May 17, 2025
U.Today - The U.S. has lost its high credit rating over the growing national debt and deficits. International journalist Michelle Makori says Bitcoin and gold are worth watching now, hinting she expects these two safe-haven assets’ prices to skyrocket.
Currently, the U.S. national debt constitutes $36.2 trillion. Earlier this week, U.S. lawmakers blocked a bill proposed by President Trump to extend the tax cuts he implemented during his first presidential term in 2017. Reuters pointed out that the bill would have added trillions of dollars to the already swollen U.S. debt during the next decade.
Michelle Makori believes that this development provides a perfect soil for Bitcoin and gold to surge in prices, which often happens during economic uncertainty and negative readings of key economic metrics. She pointed out that currently fiscal deficit in the U.S. stands at $1.05 trillion; “10-year yield: 4.48% Interest burden: Significantly higher than peer nations,” she cited Reuters.
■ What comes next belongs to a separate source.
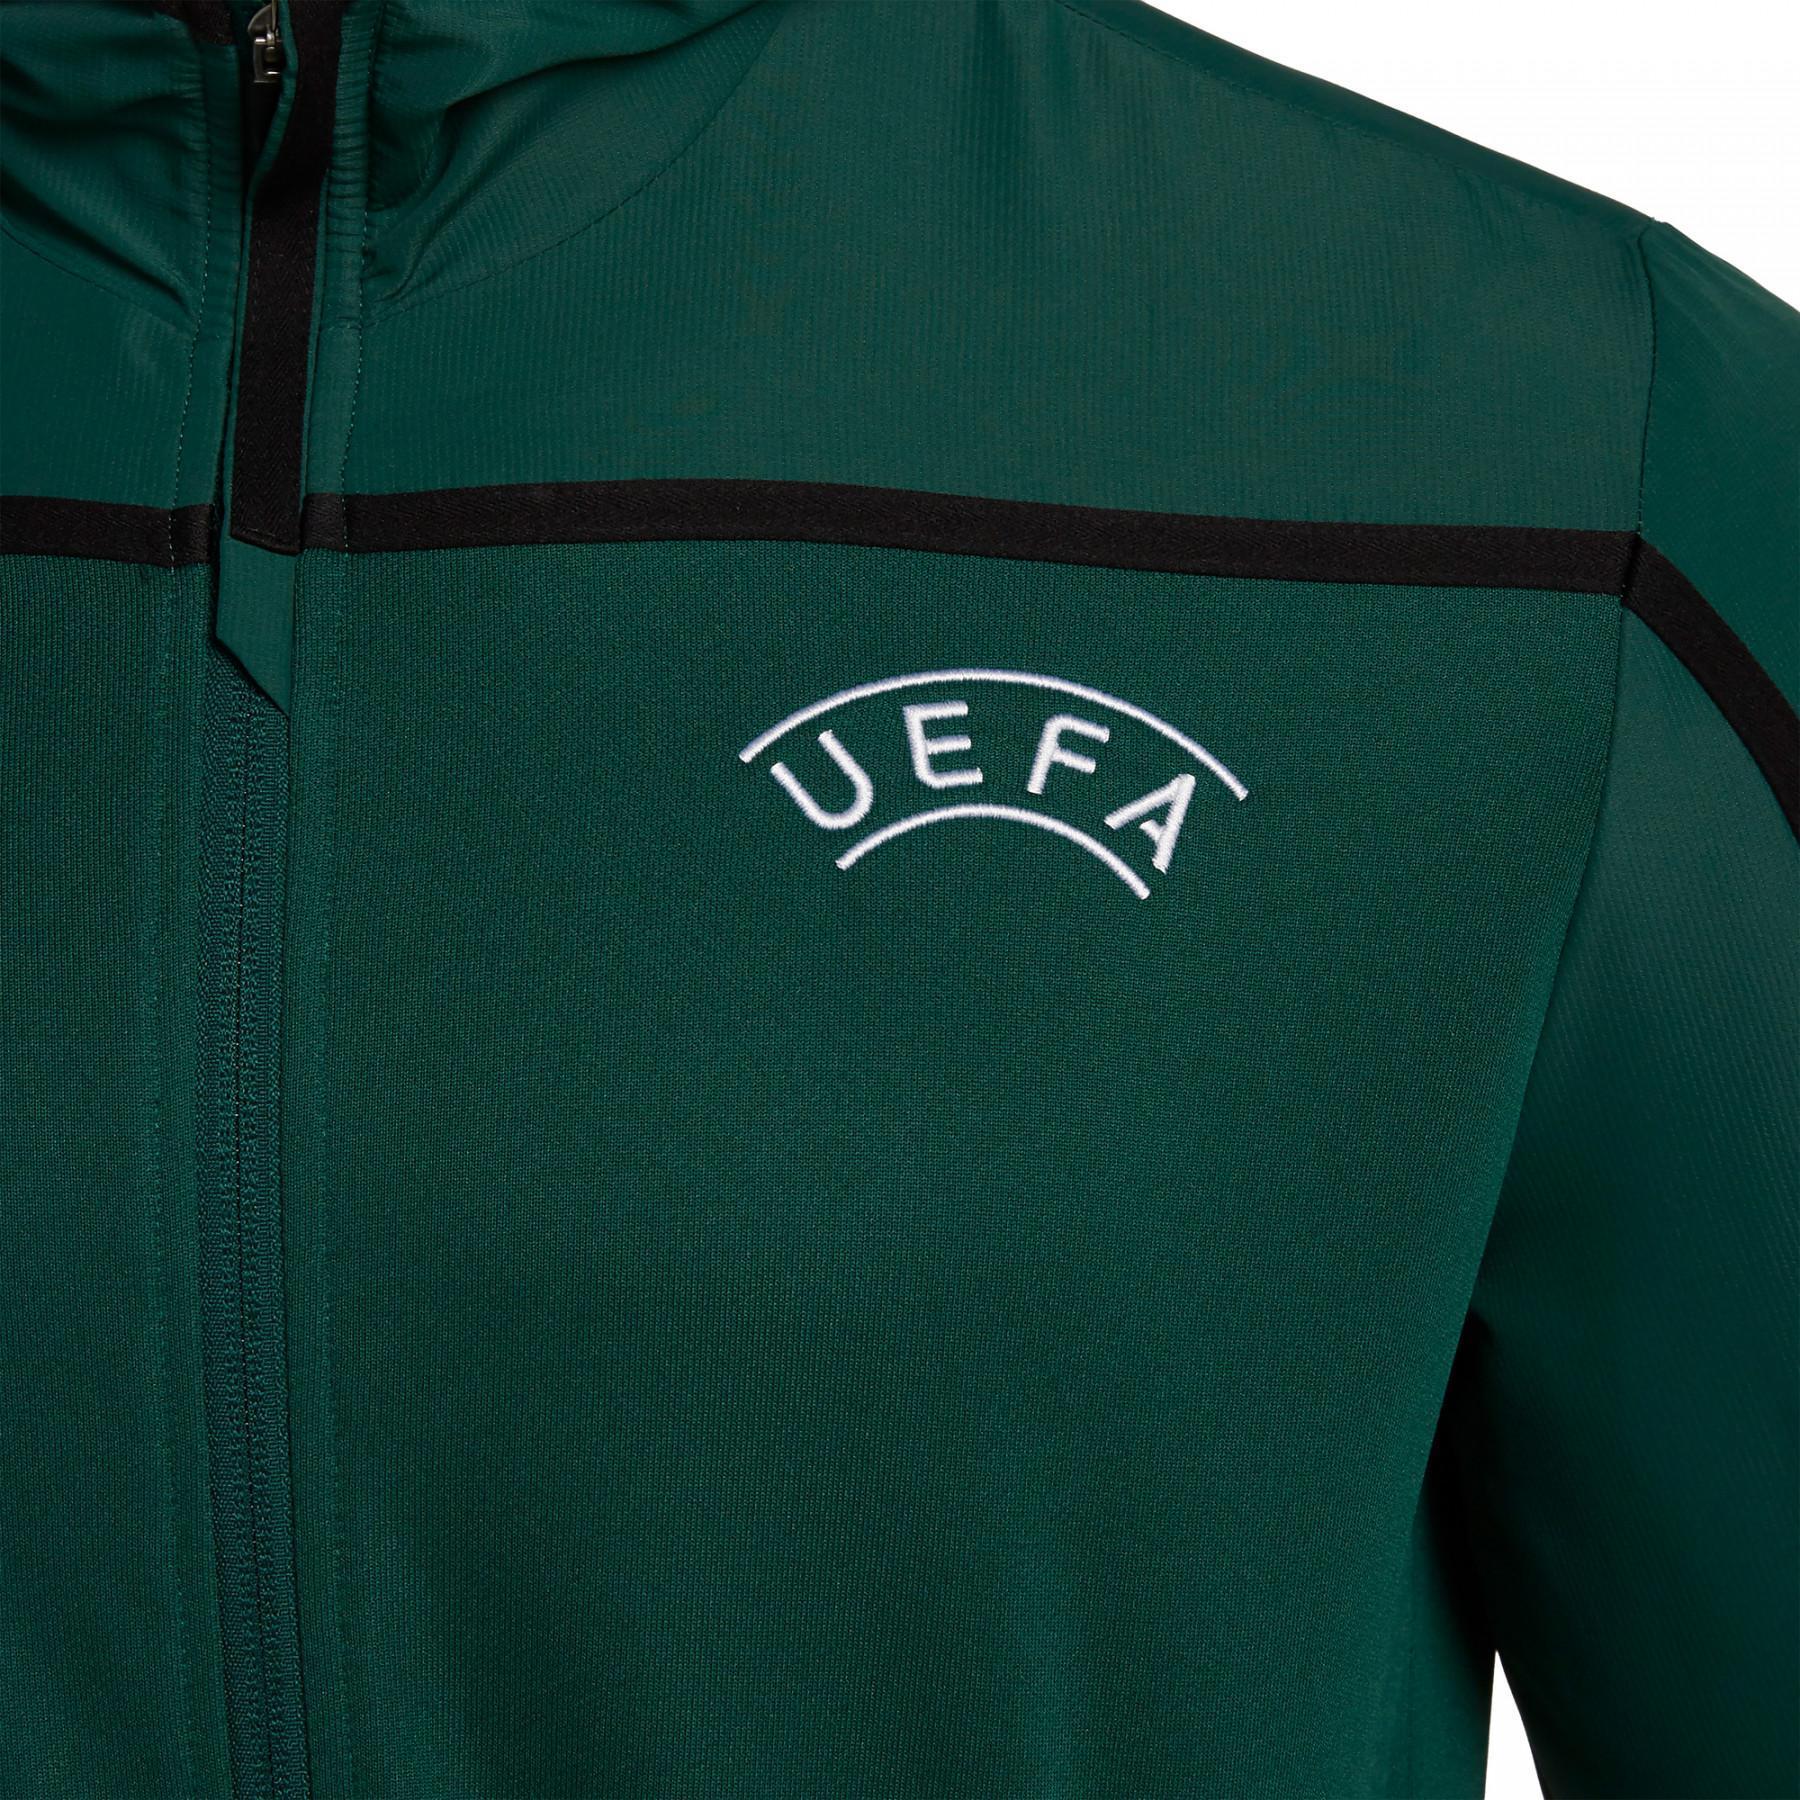 Bluza zapinana na zamek Macron UEFA 2019

“America now shares a credit rating with Austria and Finland,” the journalist said, “Hard assets don’t lie. Watch Gold and Bitcoin.”
Per data shared by Santiment, the S&P 500 is currently trading at $5,953.57, staying 3.27% below the Feb. 19 all-time high of $6,147.43. Bitcoin is changing hands at $103,502, sitting 5.33% below the January ATH of $109,026.02.
As for gold, it is now trading at $3,196.80 per ounce after it hit an all-time high of $3,509.90 on April 22. Now it is almost 10% below the ATH.
Major crypto analyst from the Netherlands Michael van de Poppe believes that Bitcoin is currently showing a healthy consolidation, targeting a new all-time high soon: “Calm consolidation of #Bitcoin before the next big breakout in the next weeks towards the ATH.”